ASSIGNMENT: A faithful, word-for-word copy of the data below is required, without pictures.

DATASET EXCERPT:
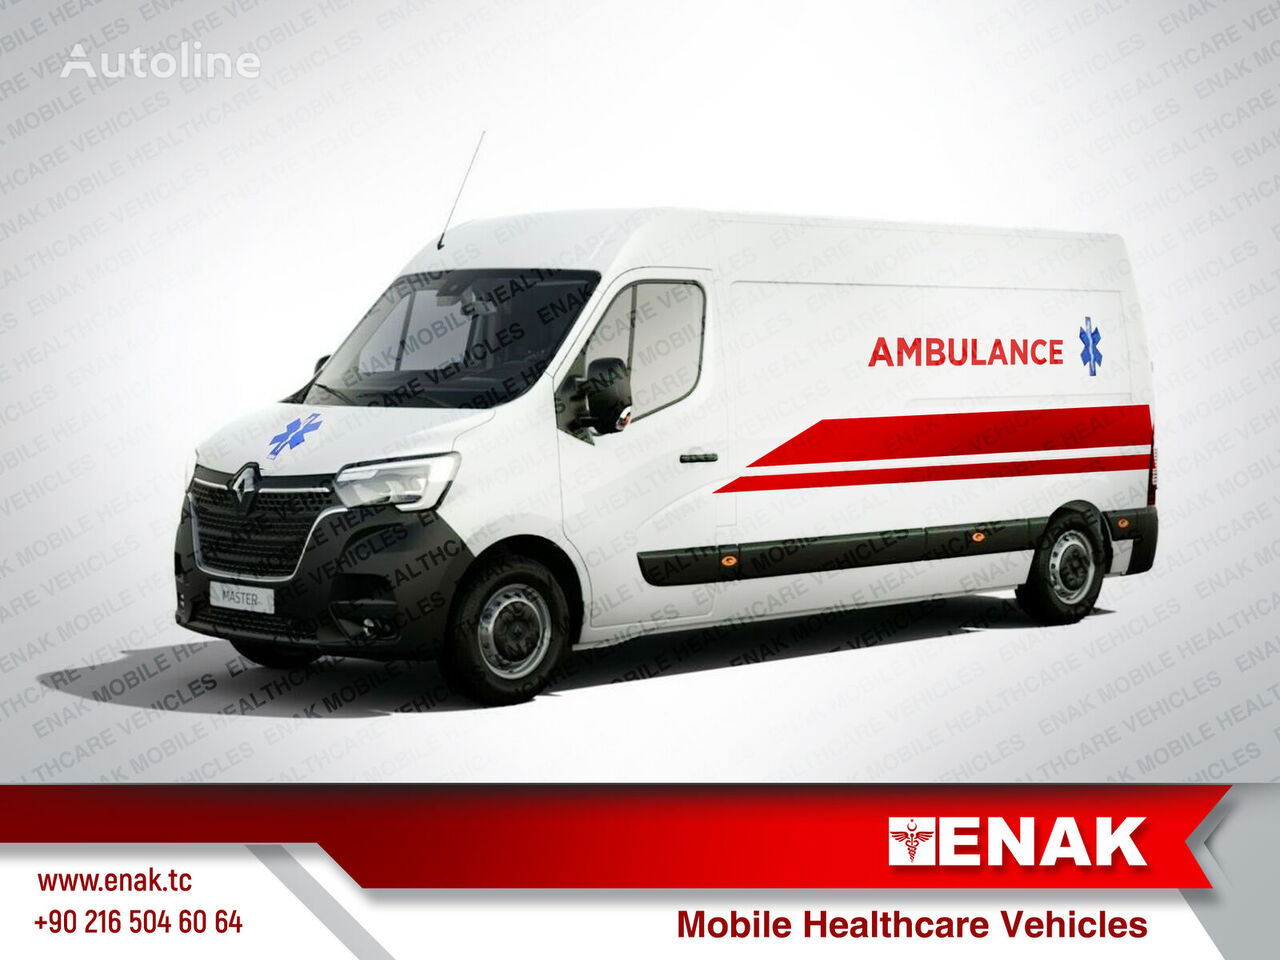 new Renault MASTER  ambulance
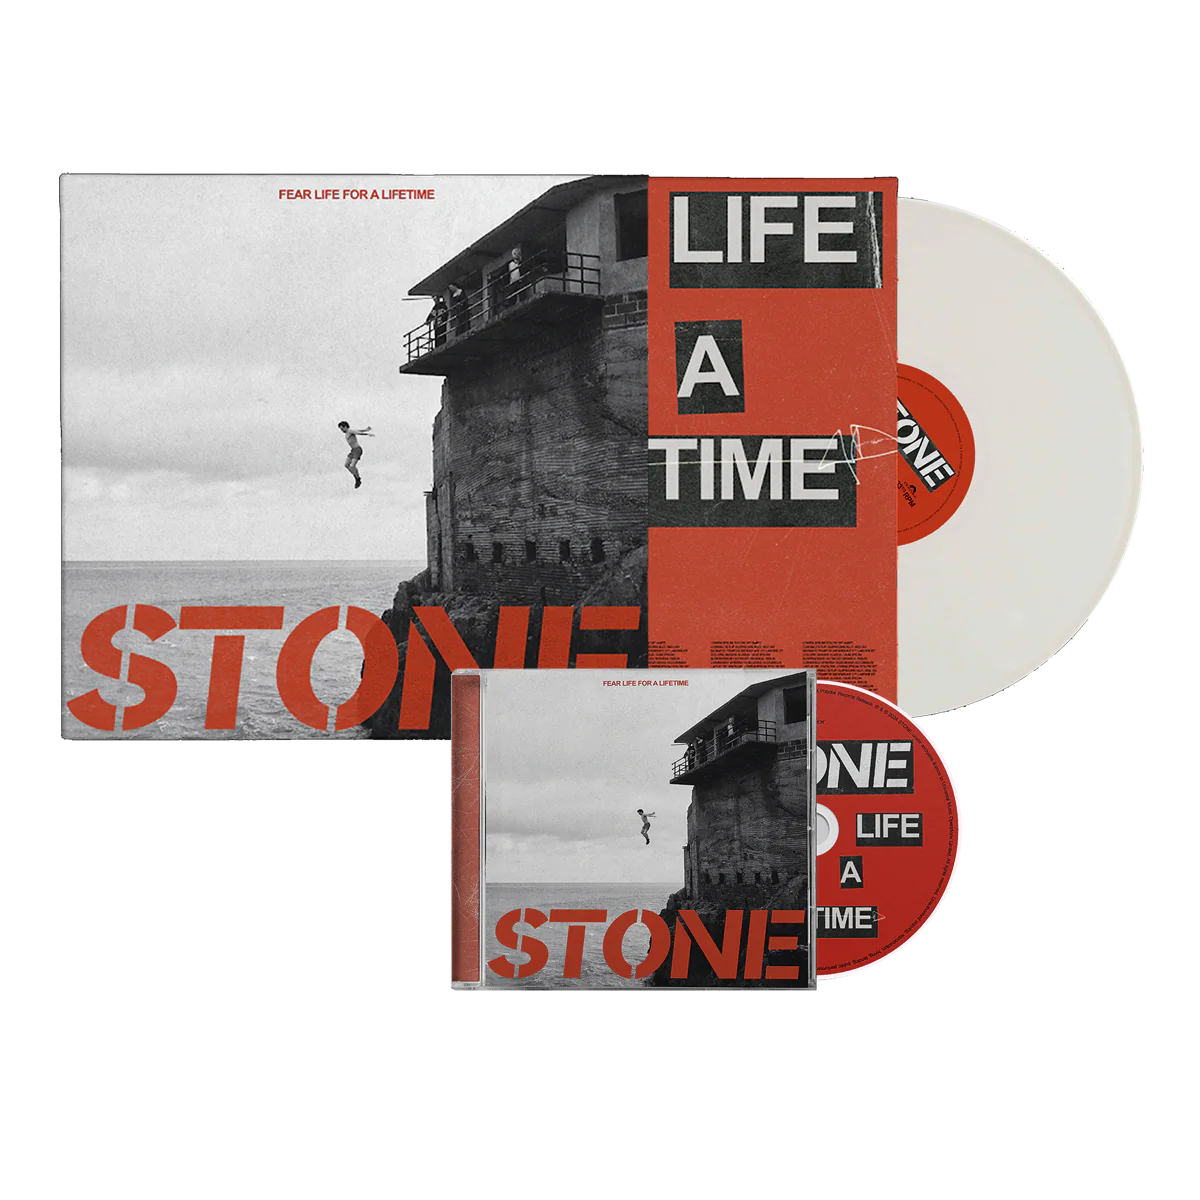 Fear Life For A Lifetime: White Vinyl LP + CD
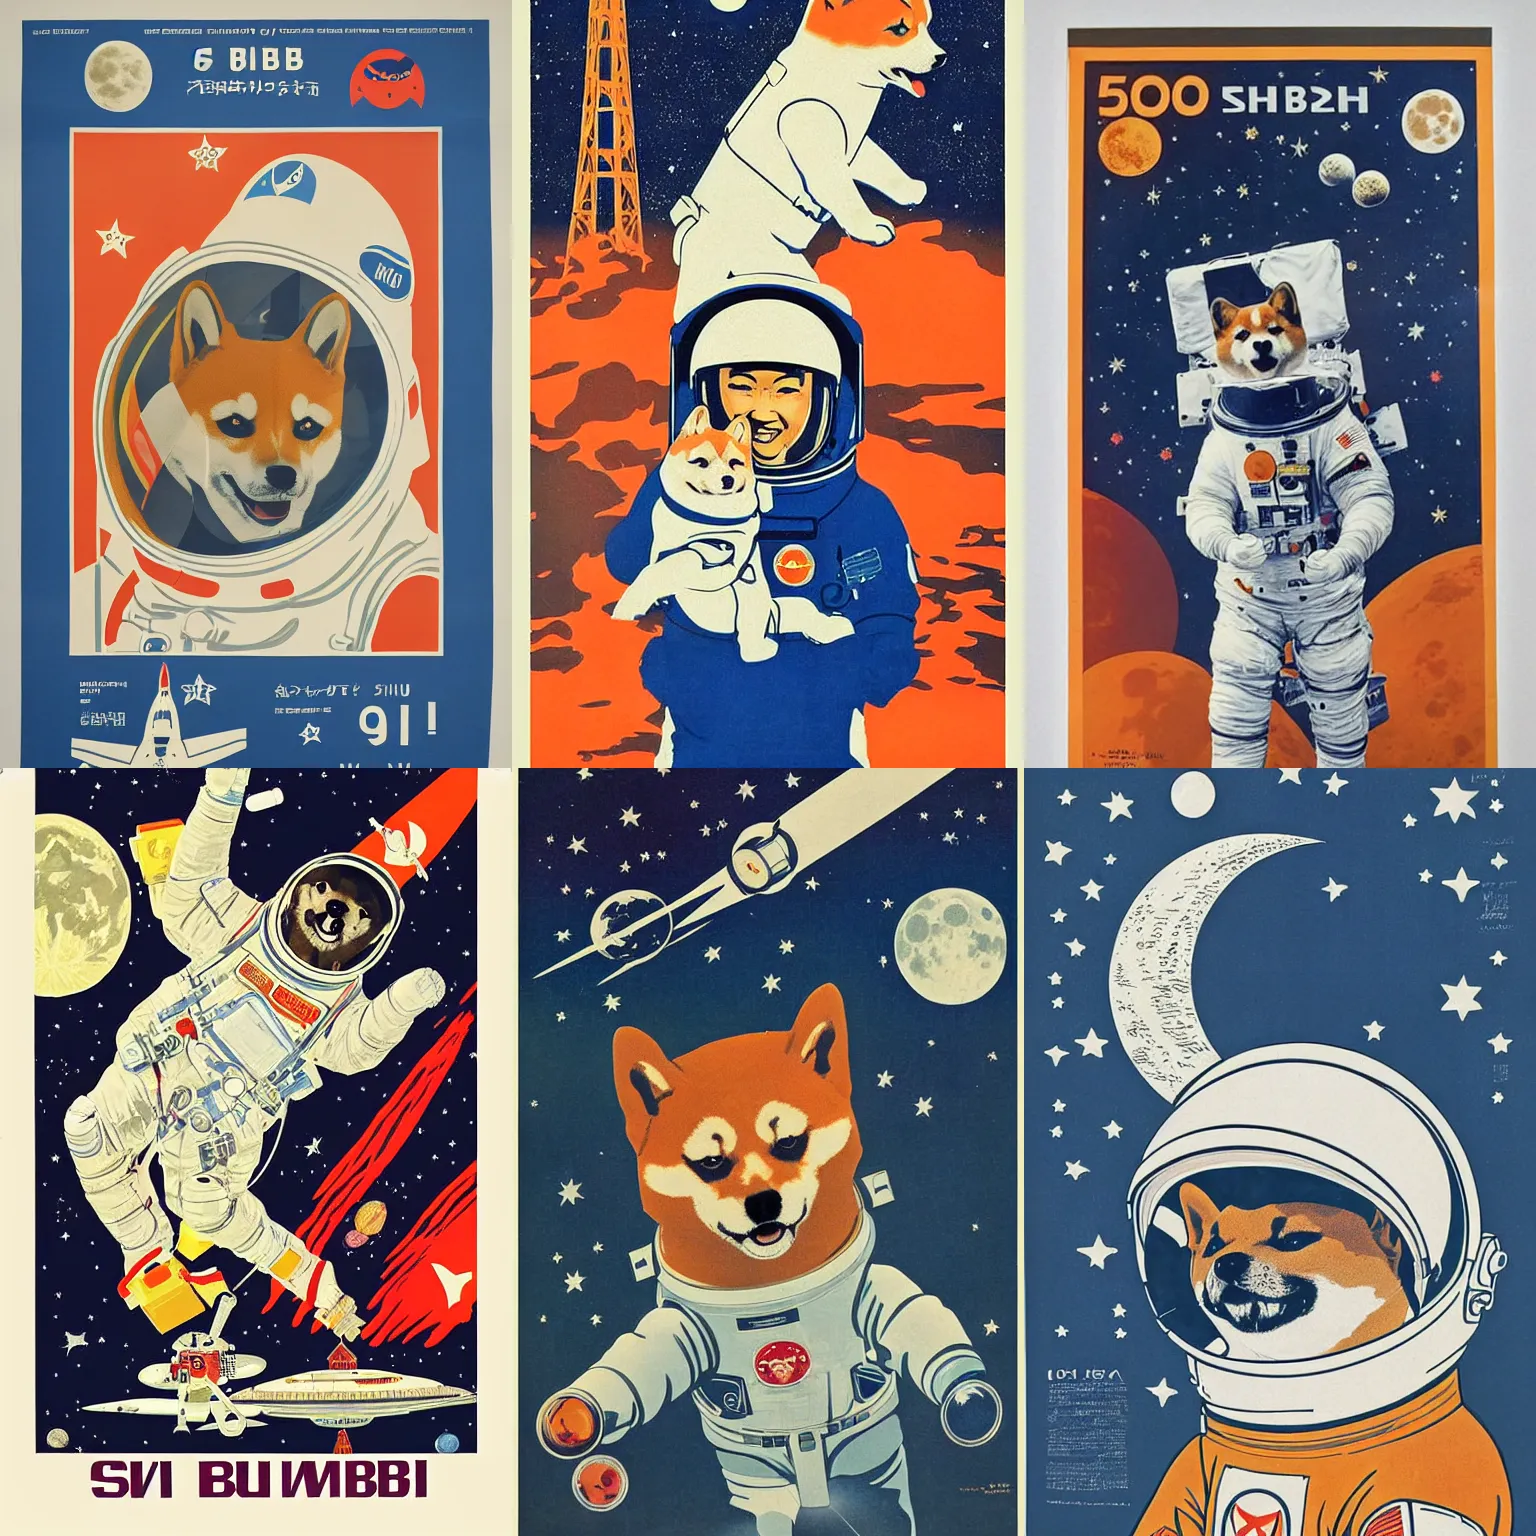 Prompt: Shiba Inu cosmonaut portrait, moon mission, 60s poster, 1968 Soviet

ANSWER TO THIS TASK:
 new Renault MASTER  ambulance
 Fear Life For A Lifetime: White Vinyl LP + CD
 Prompt: Shiba Inu cosmonaut portrait, moon mission, 60s poster, 1968 Soviet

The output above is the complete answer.